Information supplied START

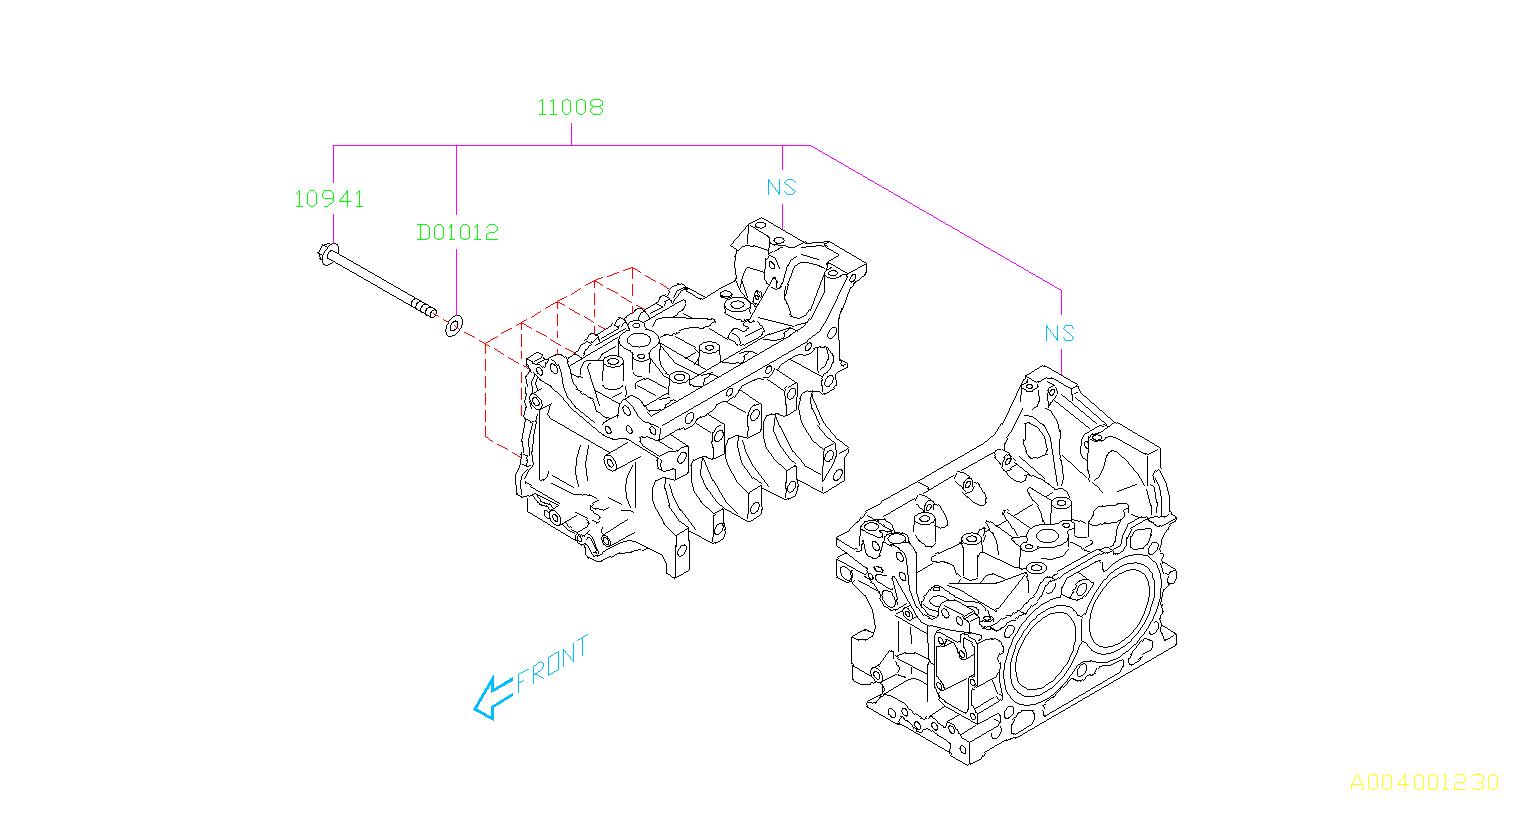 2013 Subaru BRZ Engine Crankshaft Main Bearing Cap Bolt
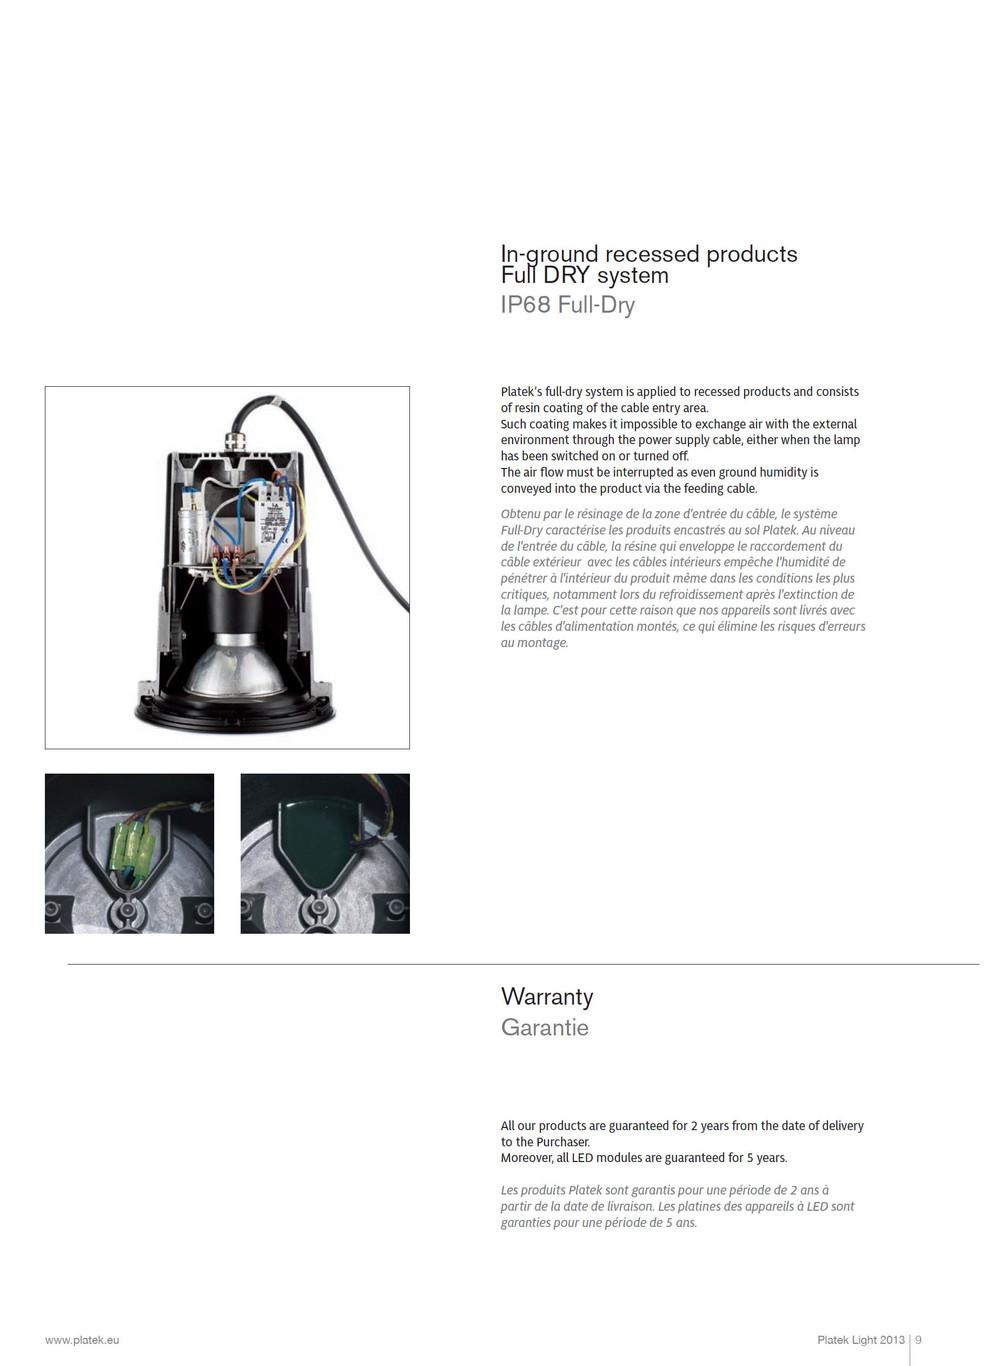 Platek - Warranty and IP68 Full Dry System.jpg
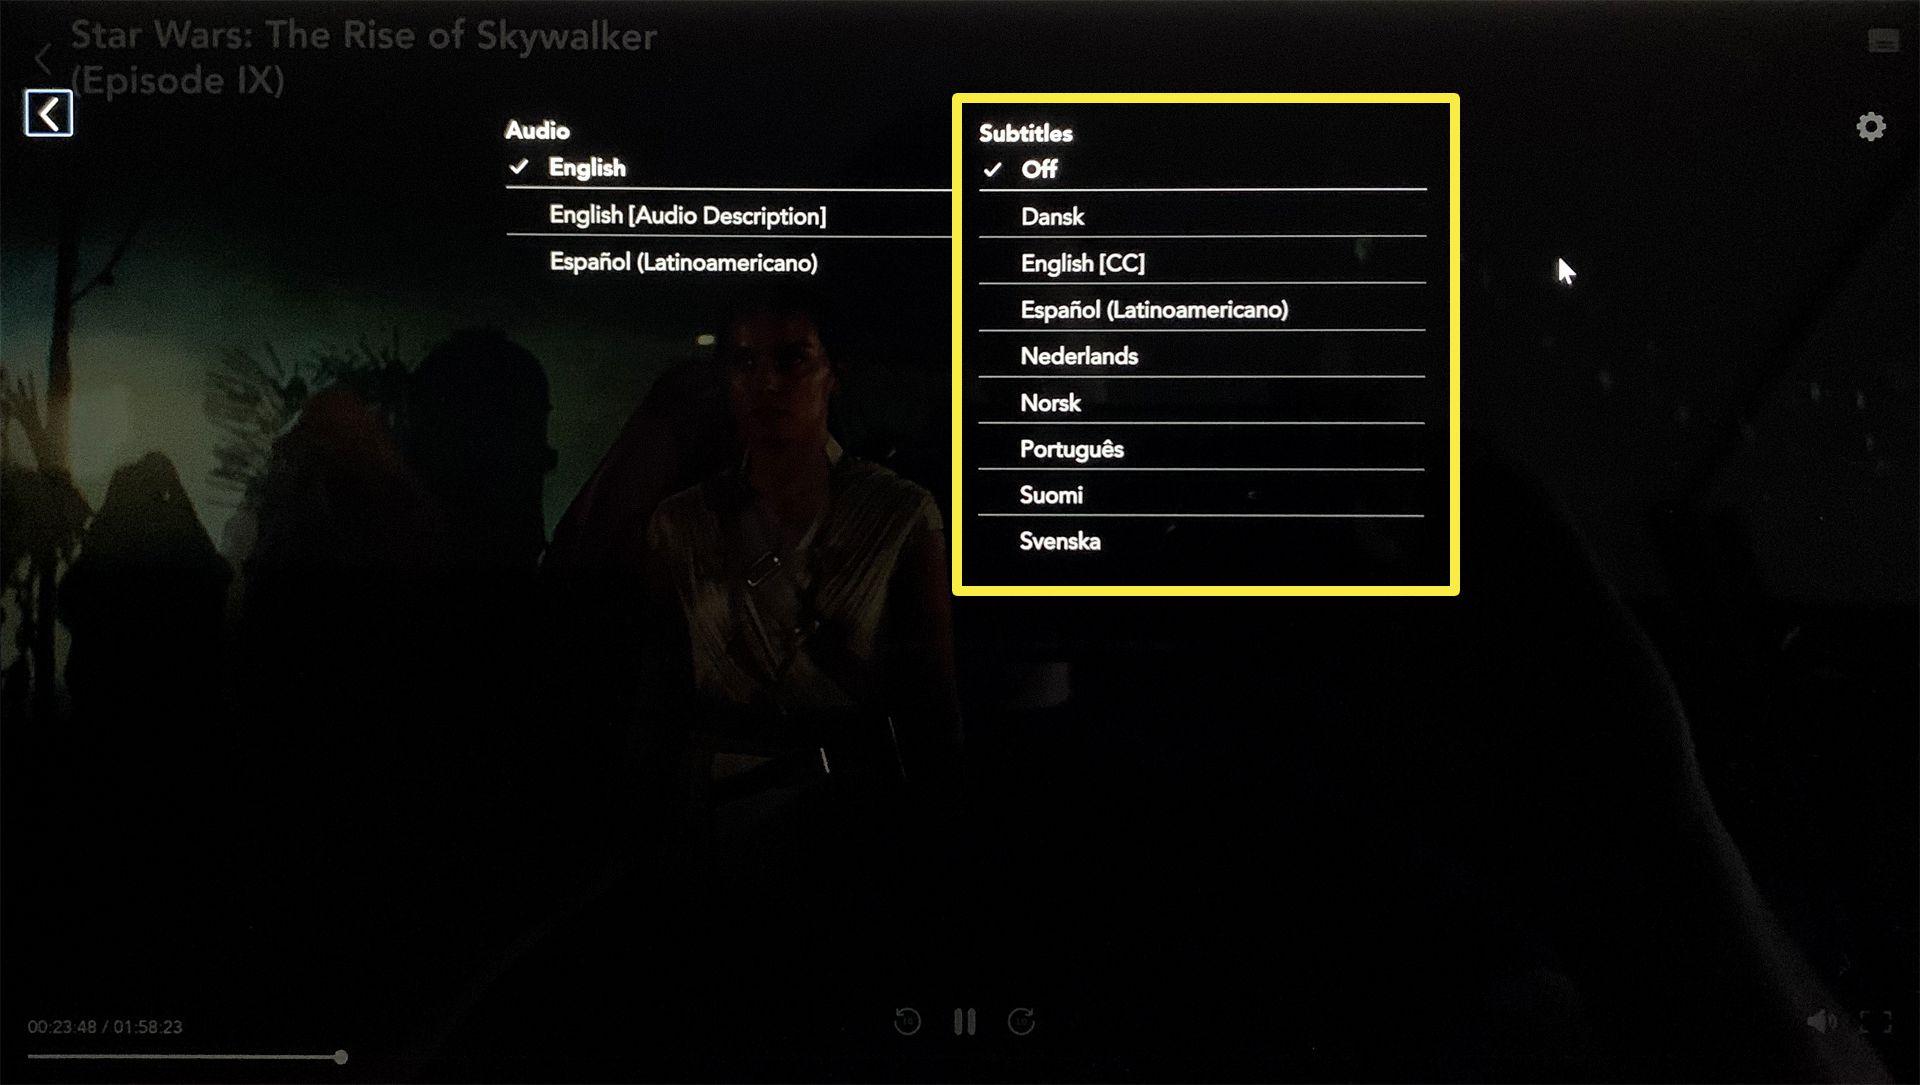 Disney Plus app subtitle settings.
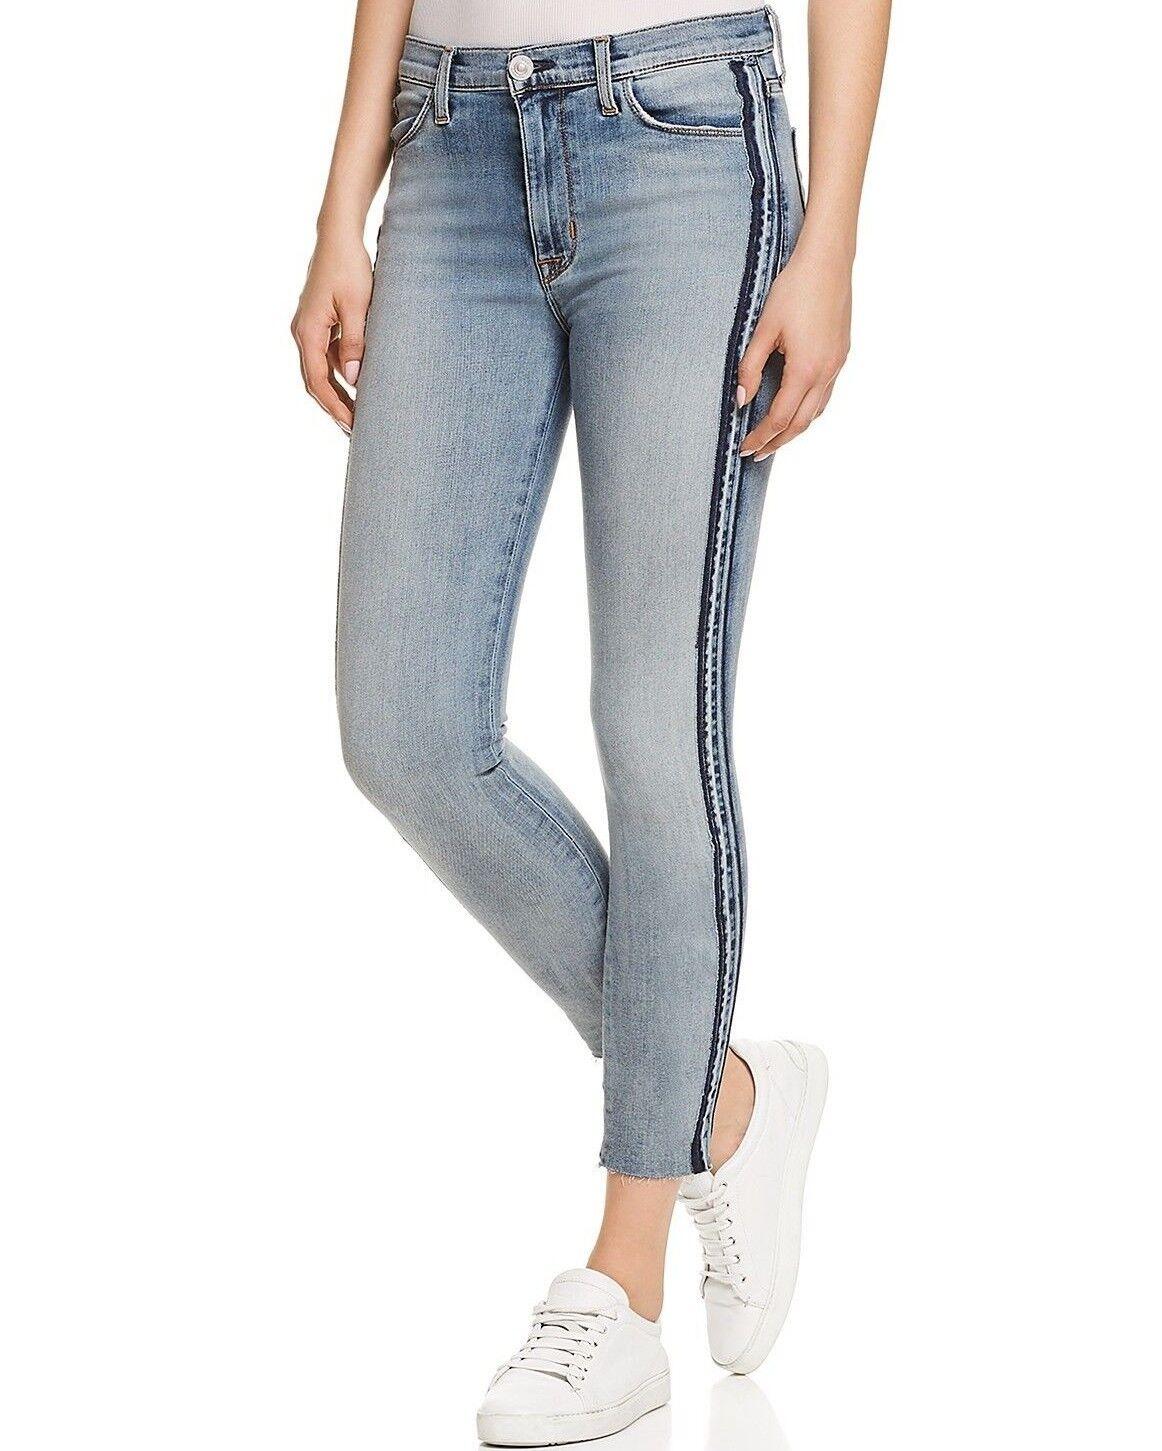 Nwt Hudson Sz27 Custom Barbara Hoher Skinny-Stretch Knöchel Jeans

Information supplied END

**Activity:**
Everything in the material above should be reproduced exactly, except the pictures.

**Exercise response:**
 2013 Subaru BRZ Engine Crankshaft Main Bearing Cap Bolt
 Platek - Warranty and IP68 Full Dry System.jpg
 Disney Plus app subtitle settings.
 Nwt Hudson Sz27 Custom Barbara Hoher Skinny-Stretch Knöchel Jeans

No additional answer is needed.